How Software-Defined Batteries Mitigate Electrification Bottlenecks
Electrification is inevitable, but bottlenecks along the supply chain may pose significant challenges that hinder the ability to meet growing demand. Understanding how these hurdles may impact the execution of an electrification strategy is critical to achieving long-term success.
Bottlenecks along the electrification supply chain
Critical materials may fall short in supply and cause project delays, especially without an increase in mining capacity or demand-side adjustments like material substitutions. For example, manganese, nickel, cobalt, graphite, lithium (for battery production), and copper (for transmission and distribution or T&D) are/will be in short supply under the current trajectory.
Meanwhile, the geographic concentration of key components (e.g., cobalt almost exclusively comes from the Democratic Republic of the Congo) is often exacerbated by limited trade-flow opportunities and supply chain localization.
Price volatility, policy uncertainty, and unpredictable project pipelines may discourage OEMs and investors from financing new capabilities. Shortages of engineers and skilled technicians, plus long lead times required to build up capacities, may cause further delays.
Moreover, the power T&D structure must keep up and double until 2050 to meet commitments. Yet, our grid is already strained, and the shortage of technical personnel and slower pace of investments in the utility sector may affect the resiliency of our infrastructure and the reliability of green technology solutions.

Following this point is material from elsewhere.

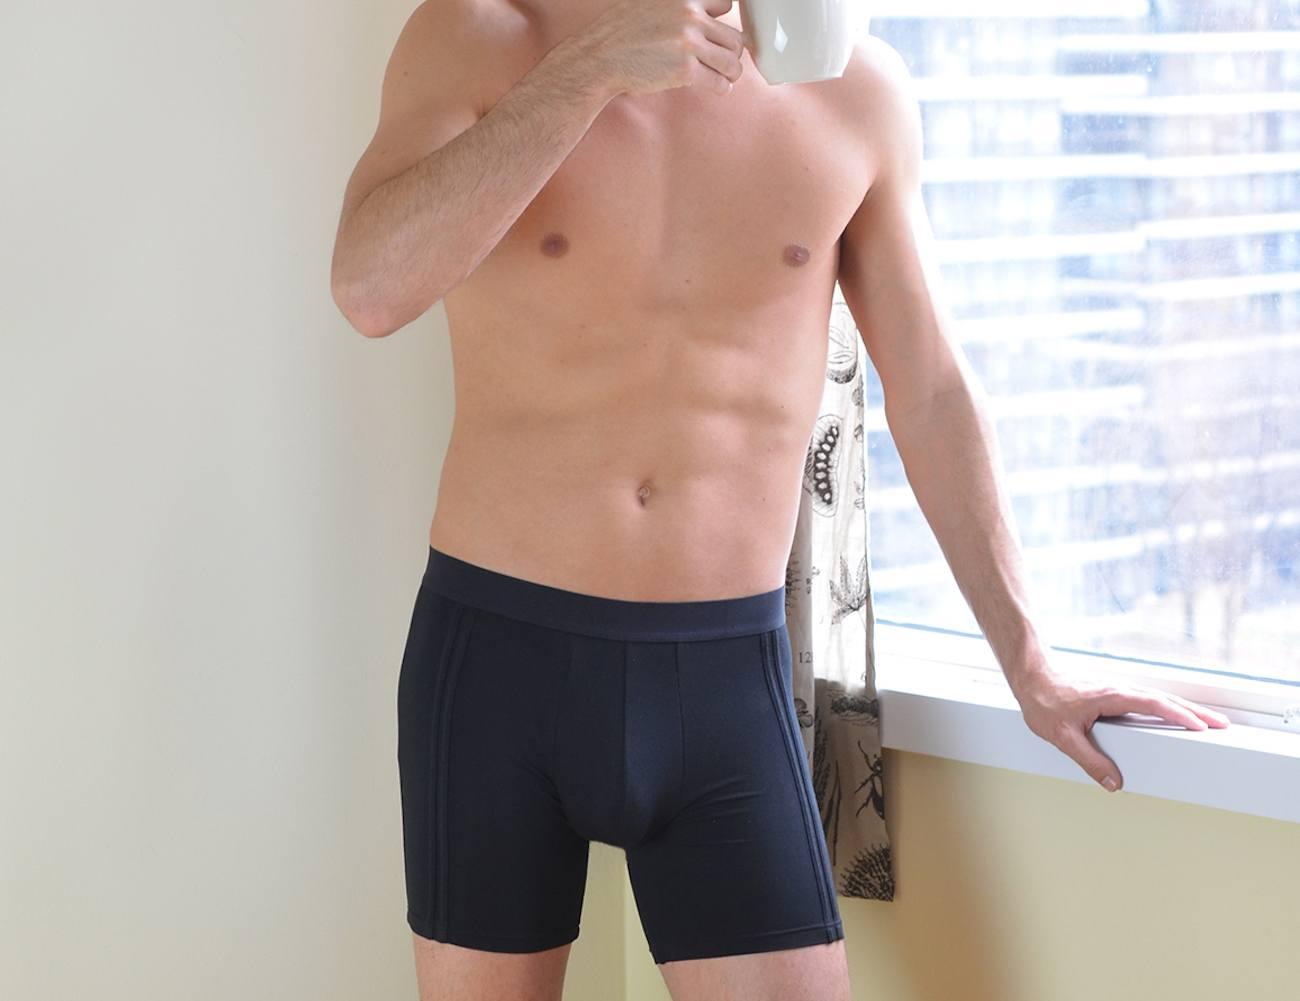 Buddha Boxers Sustainable Underwear
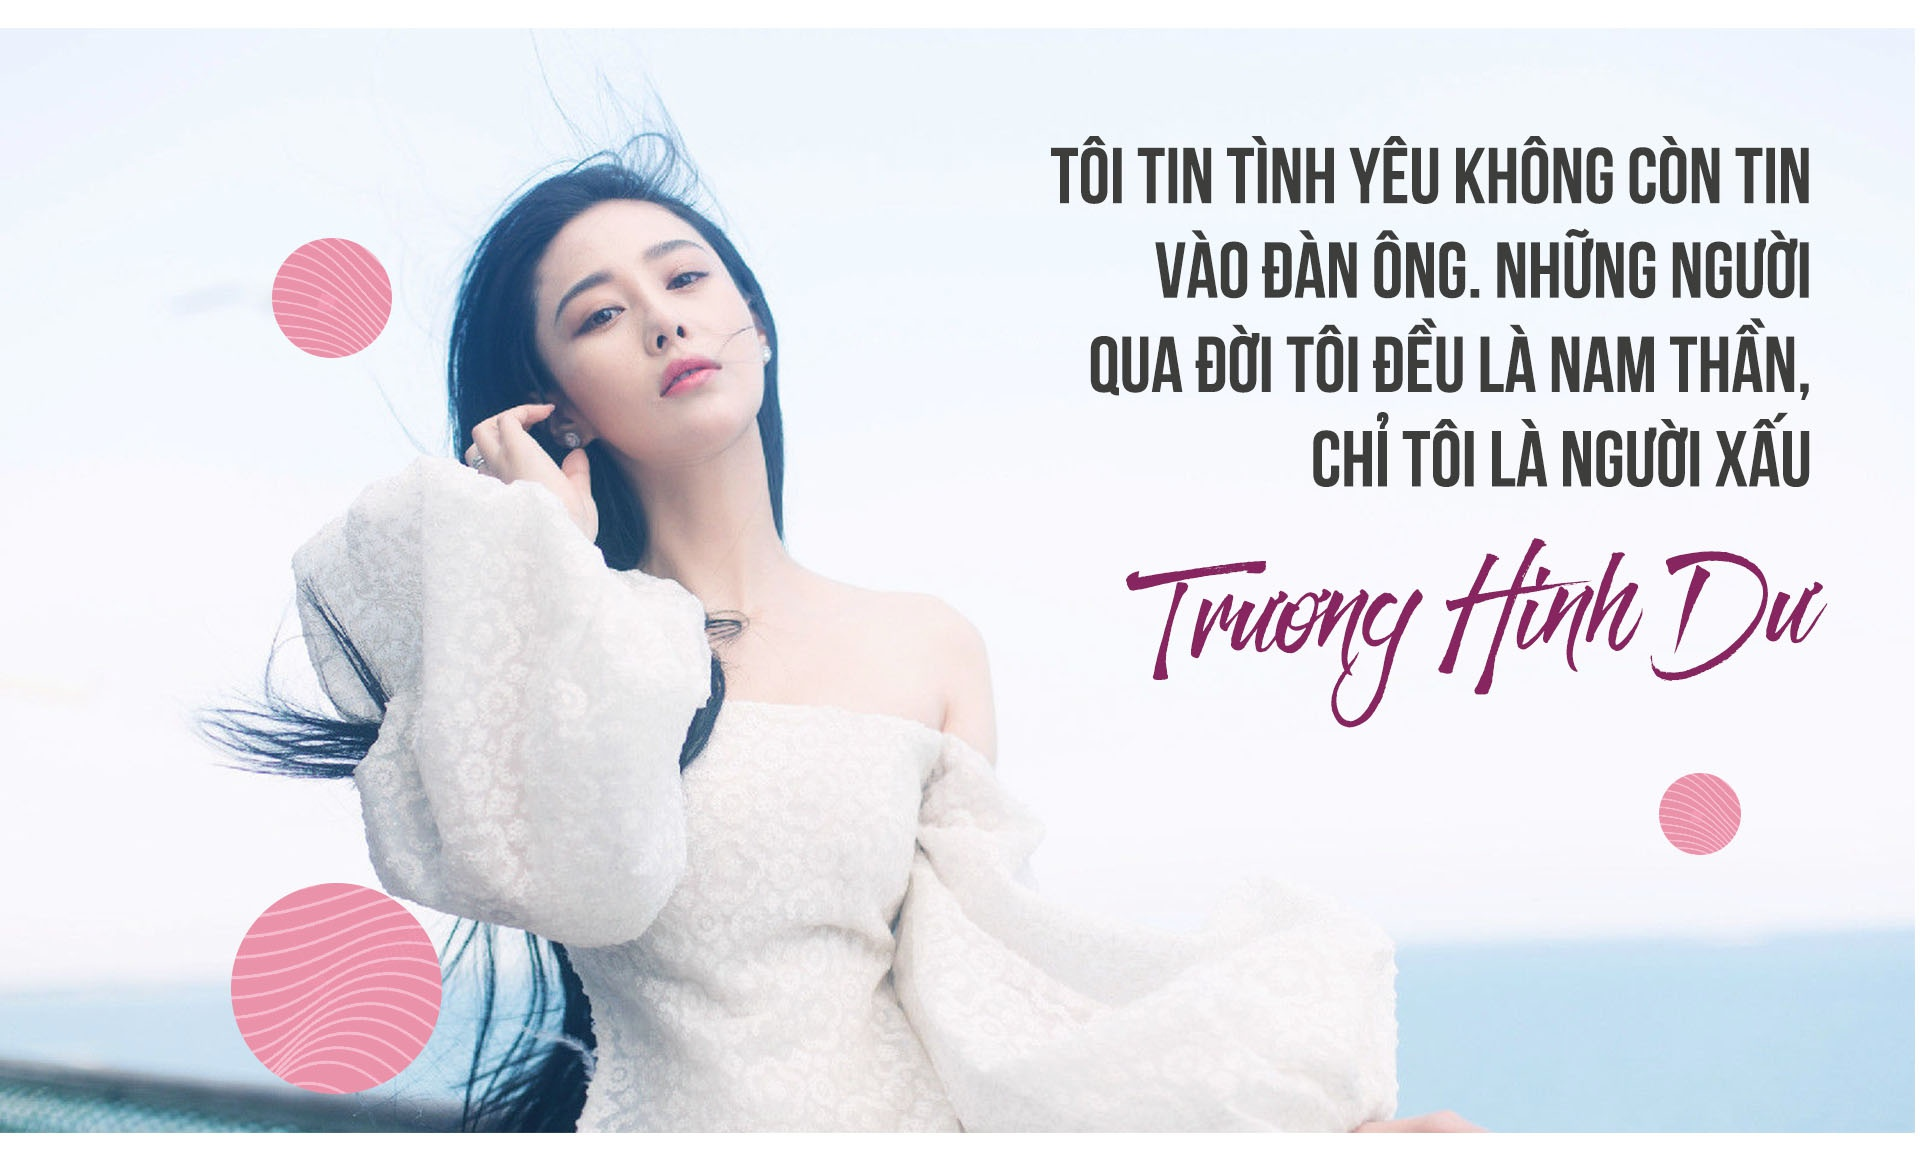 Truong Hinh Du: My nhan bi tieng ban dam, 5 nam got khong sach hinh anh 14

Battery materials will be the key constraint
According to McKinsey's “Global Energy Perspective 2023: Industrial Electrification Outlook” article, battery material supply is likely sufficient to support the current trajectory but will fall short if we further accelerate electrification to achieve climate commitments.
For example, the total cost of ownership (TCO) of EVs (including subsidies) will be competitive with internal combustion engines (ICEs) by 2025 in most regions. However, if adoption accelerates, material shortages may delay the TCO crossover point.
The article suggests material substitution as a mitigation strategy (e.g., shifting from nickel, manganese, and cobalt-based batteries to manganese-based batteries). However, it doesn’t address the technical hurdle that will make changing battery chemistry long and arduous.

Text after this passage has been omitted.